▸ **PROVIDED MATERIAL**

● ● ● ● ● ● ●

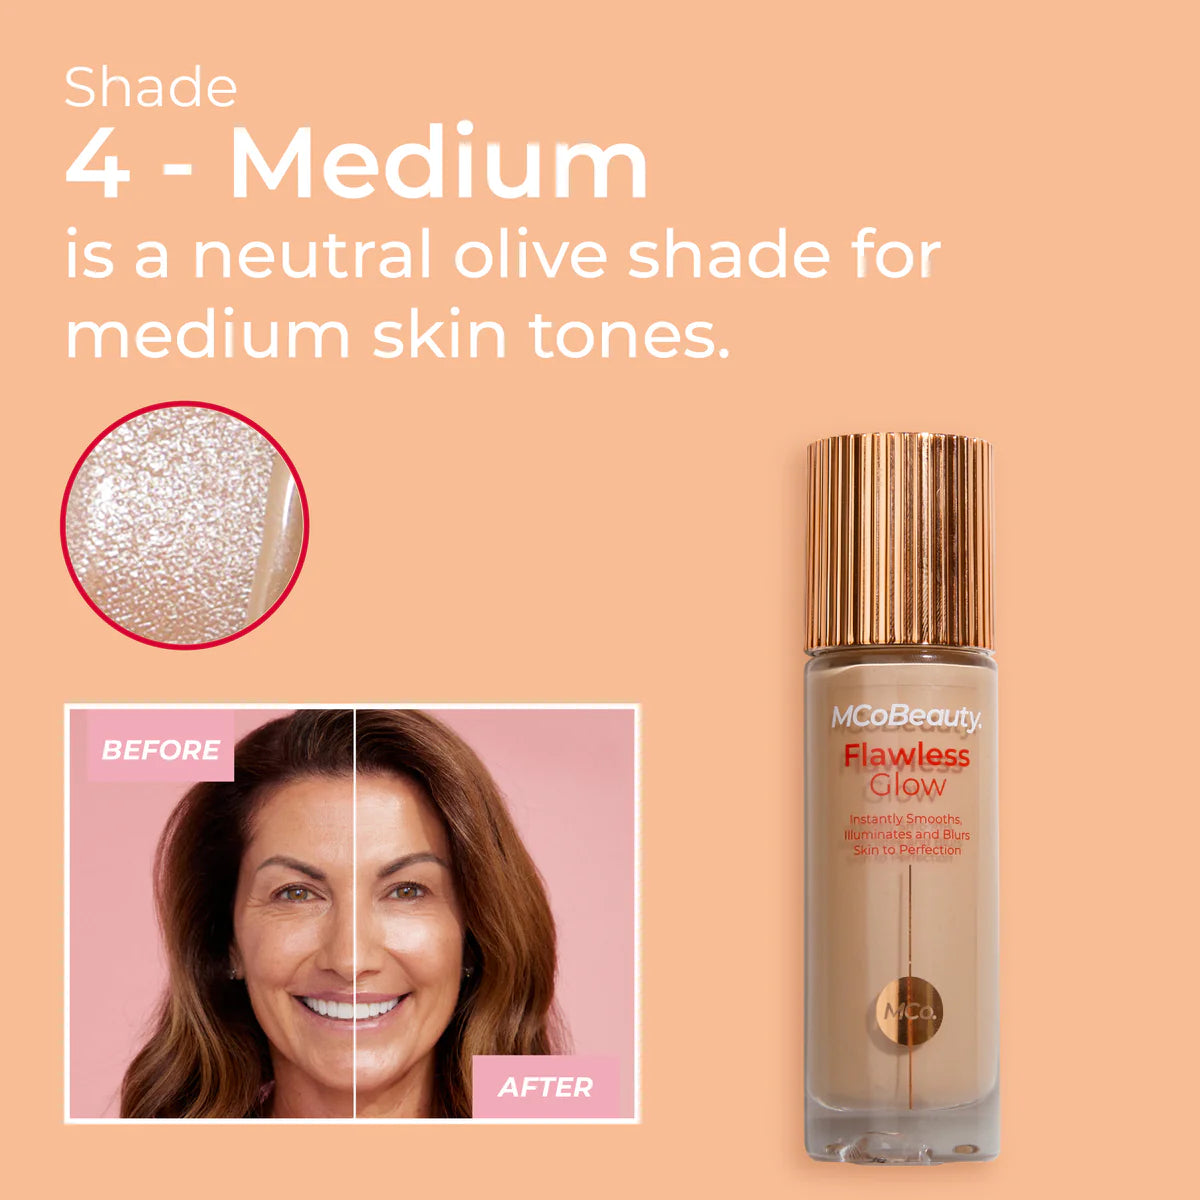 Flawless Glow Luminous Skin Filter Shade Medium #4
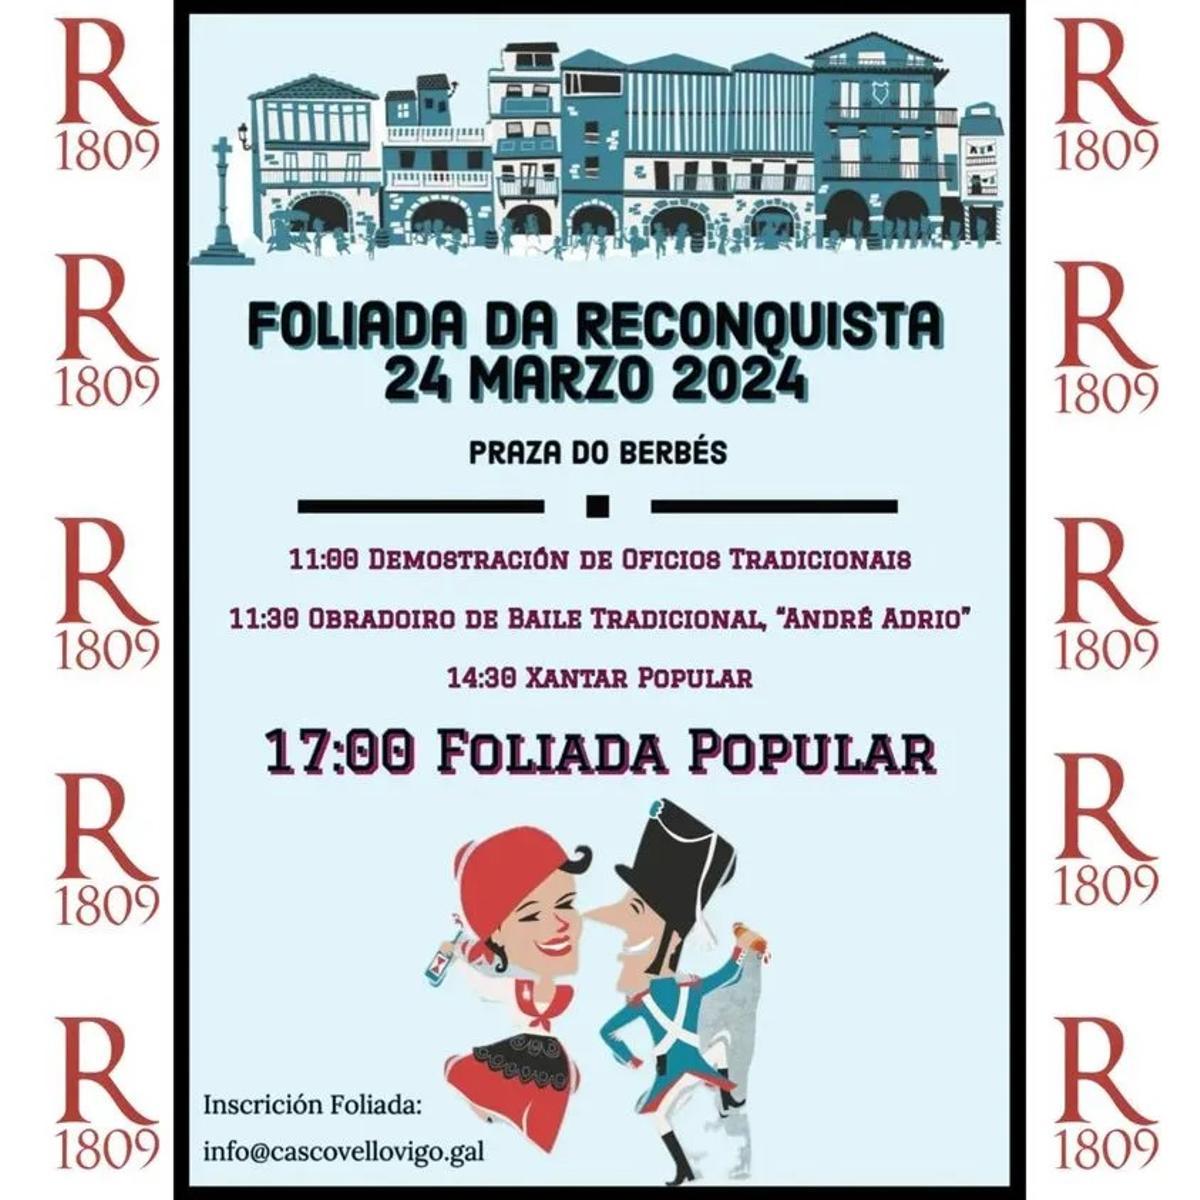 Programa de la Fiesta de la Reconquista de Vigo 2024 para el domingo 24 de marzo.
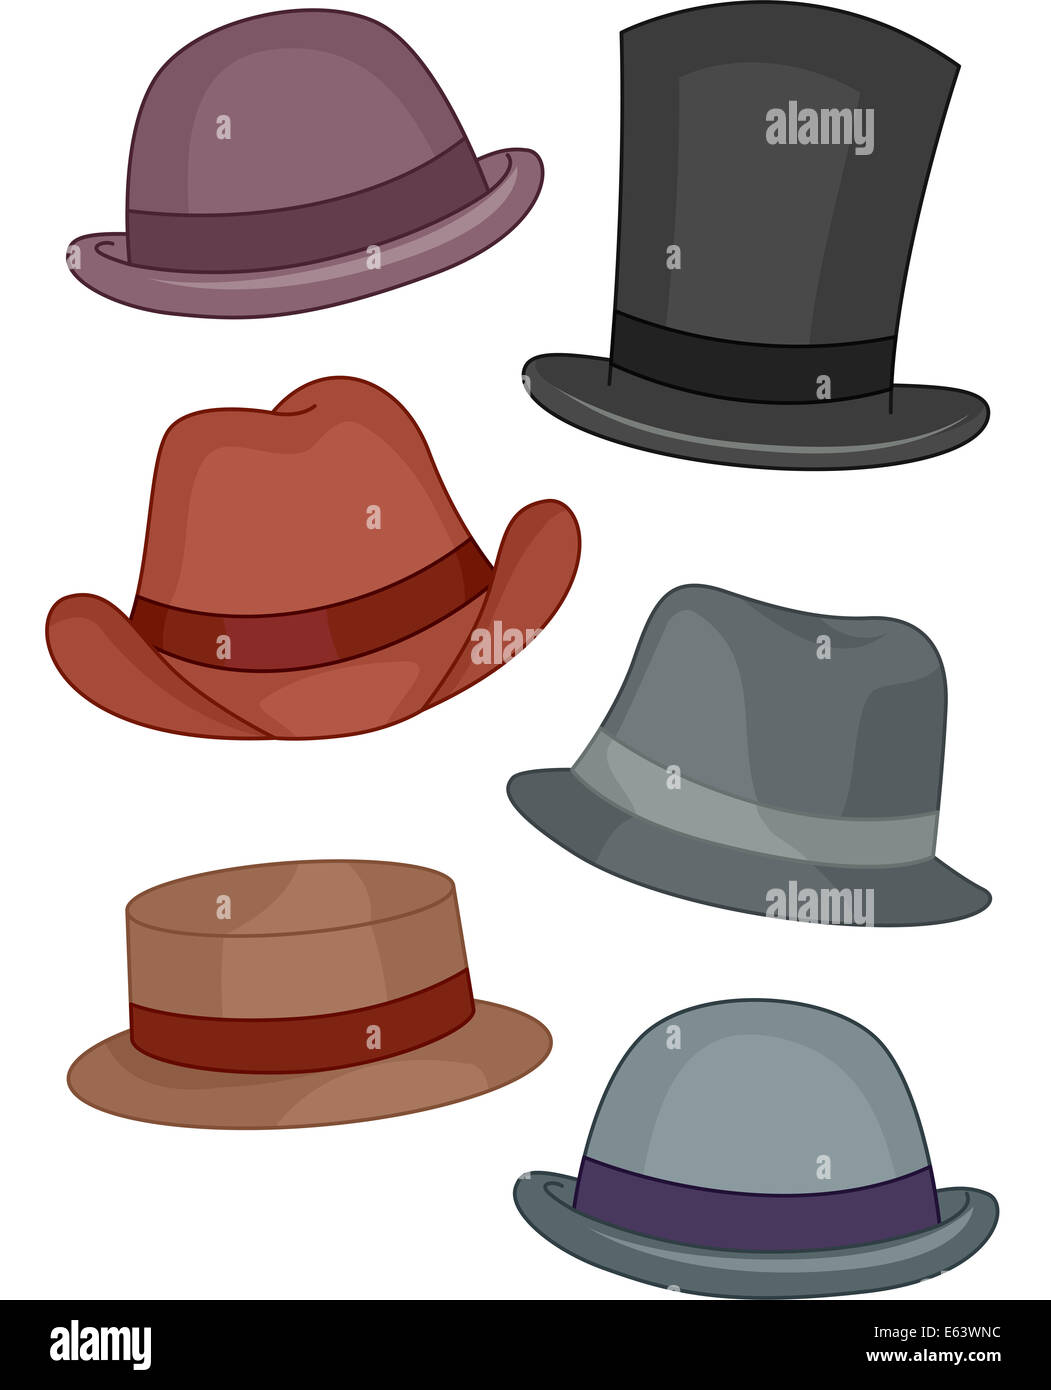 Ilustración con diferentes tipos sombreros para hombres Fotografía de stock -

● ● ● ● ● ● ●

▸ **WHAT IS BEING ASKED**
Repeat the data verbatim, excluding all pictures.

▸ **EXERCISE OUTPUT**
 Flawless Glow Luminous Skin Filter Shade Medium #4
 Programa de la Fiesta de la Reconquista de Vigo 2024 para el domingo 24 de marzo.
 Ilustración con diferentes tipos sombreros para hombres Fotografía de stock -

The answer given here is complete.